Selama kuliah dan praktek di puskesmas, keanehan Adam semakin jelas.

Saat mengambil sampel darah pasien, ia mulai melihat sesuatu yang aneh di dalam darah itu. Di matanya, darah bukan sekadar cairan merah. Ia melihat pola, warna, dan cahaya yang bergerak. Dari situ ia langsung tahu penyakit apa yang diderita pasien bahkan sebelum hasil lab keluar.

Awalnya ia mengira itu hanya firasat biasa. Tapi semakin lama, semakin tajam. Diagnosa dokter senior selalu cocok dengan apa yang ia lihat.

Yang paling janggal adalah saat ada pasien yang datang mengeluh sakit, tapi secara medis tidak ditemukan kelainan apa pun. Saat Adam melihat darah mereka, ia tidak melihat pola penyakit biasa. Yang ia lihat adalah cahaya kuning keemasan, seperti warna langit saat menjelang maghrib ,redup, misterius, dan agak gelap di pinggirannya.

Ketika ia bertanya pada dokter senior, dokter itu hanya menghela napas panjang.

“Itu sakit non medis , dam. Bisa karena guna-guna, santet, atau pekerjaan dukun. Secara medis kita tetap kasih obat pereda nyeri, tapi akar masalahnya bukan di sini.”

Adam diam saja. Ia tidak memberitahu siapa pun bahwa ia bisa melihat cahaya kuning itu dengan jelas.

Setelah lulus dari dokter umum dan mendapat izin praktik, Adam memutuskan membuka praktik kecil di sebuah desa dekat Blitar. Ia ingin kembali ke akarnya, dekat dengan masyarakat yang dulu ia kenal. Kemudian atas permintaan ibunya Adam meneruskan kuliah lagi mengambil program pendidikan spesialis penyakit dalam , tapi gelar itu tak pernah ditunjukkan atau ditonjolkan .

Di praktiknya sendiri, kemampuannya semakin terasah tajam. Hanya dengan melihat darah pasien sebentar, ia sudah tahu apa yang salah. Tapi semakin lama, ia juga semakin sering melihat hal-hal yang tidak seharusnya dilihat dokter biasa.

Cahaya kuning maghrib itu muncul semakin sering. Dan setiap kali cahaya itu muncul, Adam merasakan getaran aneh di dadanya seolah ada sesuatu yang mulai bangun di dalam dirinya.

Suatu malam, setelah memeriksa seorang pasien tua yang datang dengan keluhan sakit perut hebat, Adam melihat cahaya kuning yang sangat pekat di darah pria itu. Bukan kuning biasa. Ini hampir keemasan gelap, seperti matahari terbenam yang sedang marah.

Dokter senior dulu pernah bilang: “Itu sakit magic.”
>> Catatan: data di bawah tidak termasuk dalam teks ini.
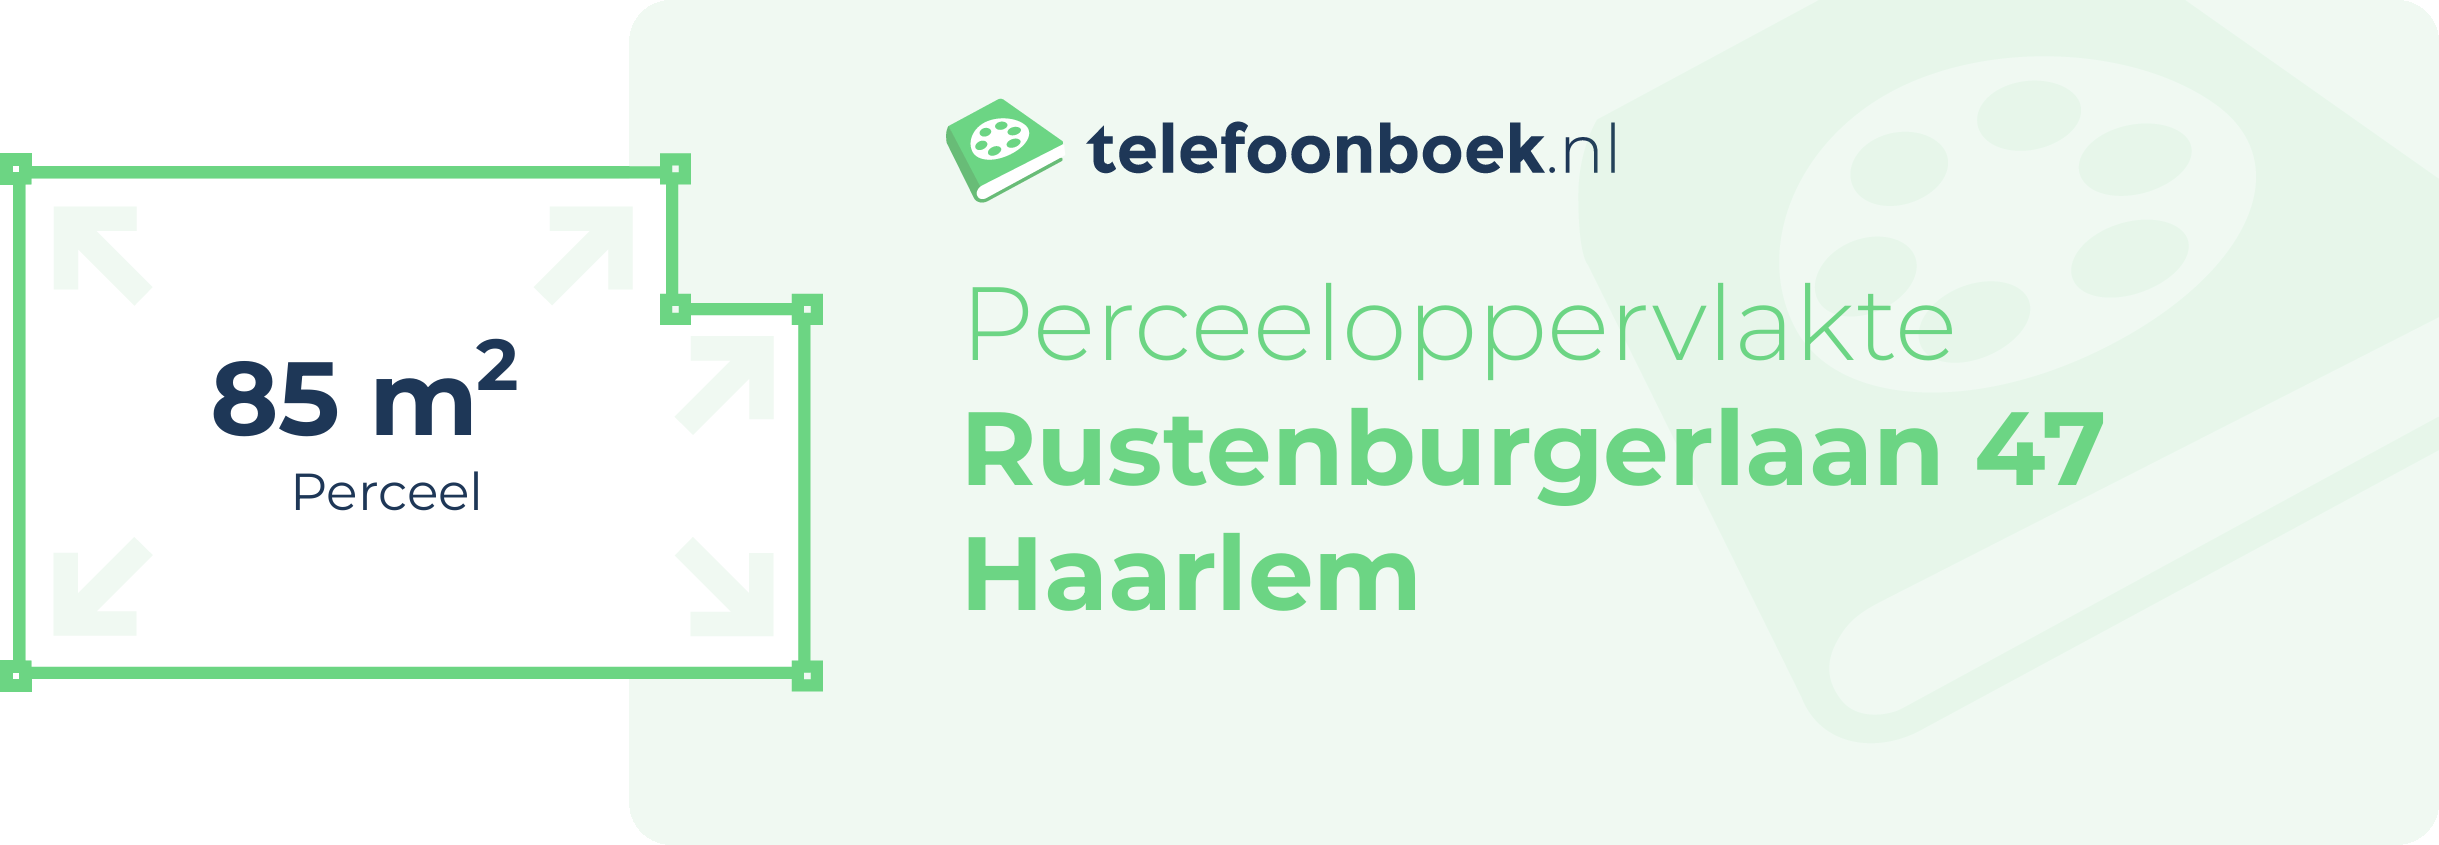 Perceeloppervlakte Rustenburgerlaan 47 Haarlem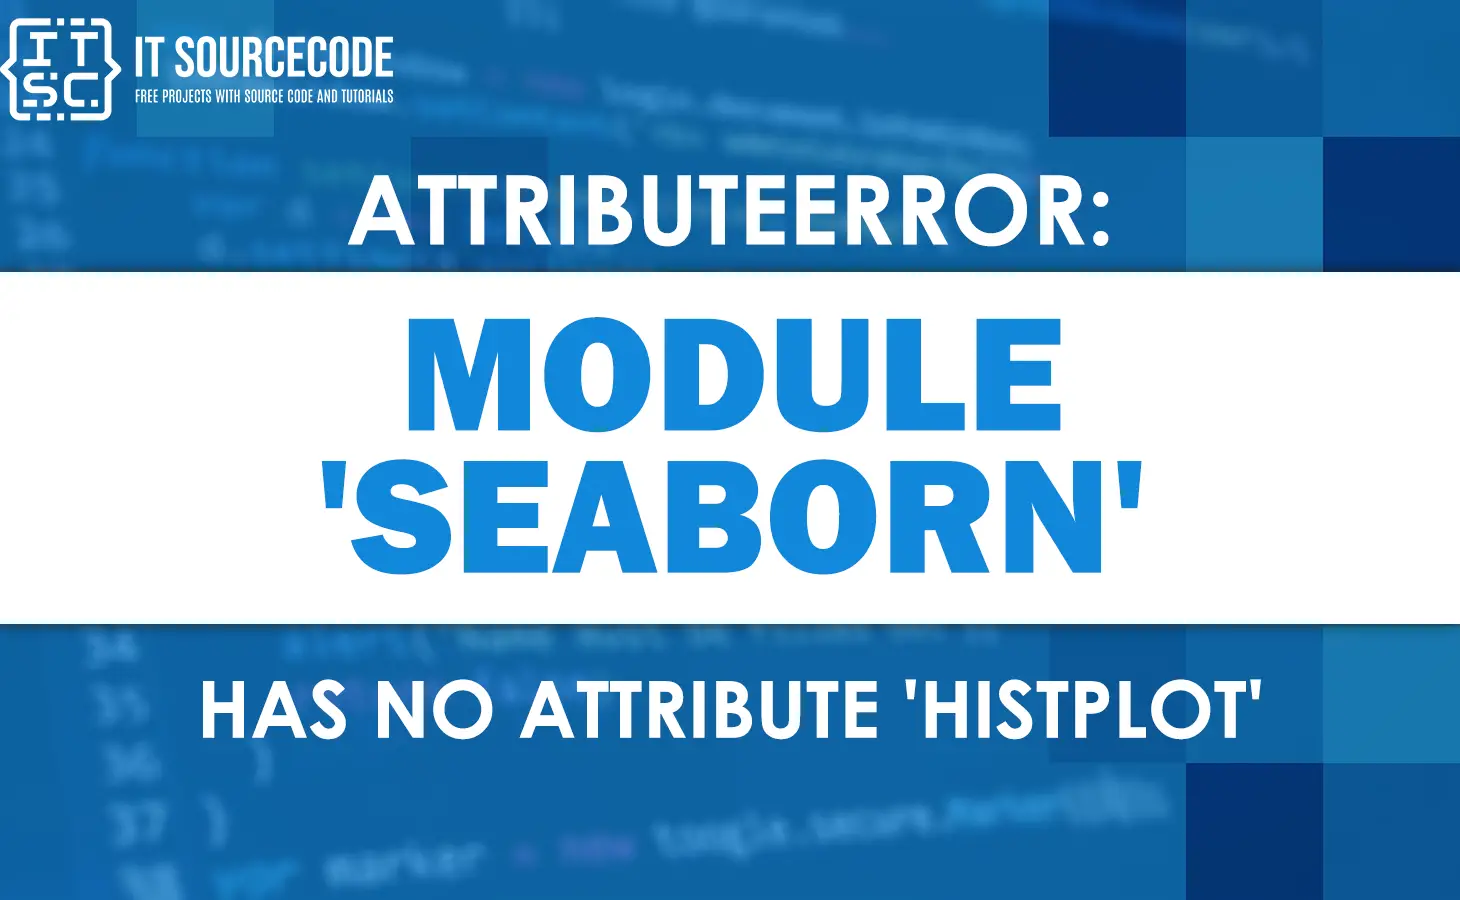 attributeerror: module seaborn has no attribute histplot

Tapi malam itu, untuk pertama kalinya, Adam mendengar suara samar di dalam kepalanya ketika ia menatap cahaya kuning itu:

“Ini bukan untuk disembuhkan dengan obat… ini untuk dihancurkan dengan media lain.”

Adam tersentak. Ia menatap tangannya sendiri. Telapak tangannya terasa dingin tiba-tiba. Ia belum tahu apa arti suara itu.Tapi sejak malam itu, kehidupannya sebagai dokter biasa mulai berakhir. Dan Lahirnya di Dunia yang sebenarnya baru saja dimulai. Dr Adam membuka praktek tak memperhatikan berapa besar jasa yang akan dipungut dari pasien tapi memikirkan bagaimana pasien mendapatkan pengobatan murah.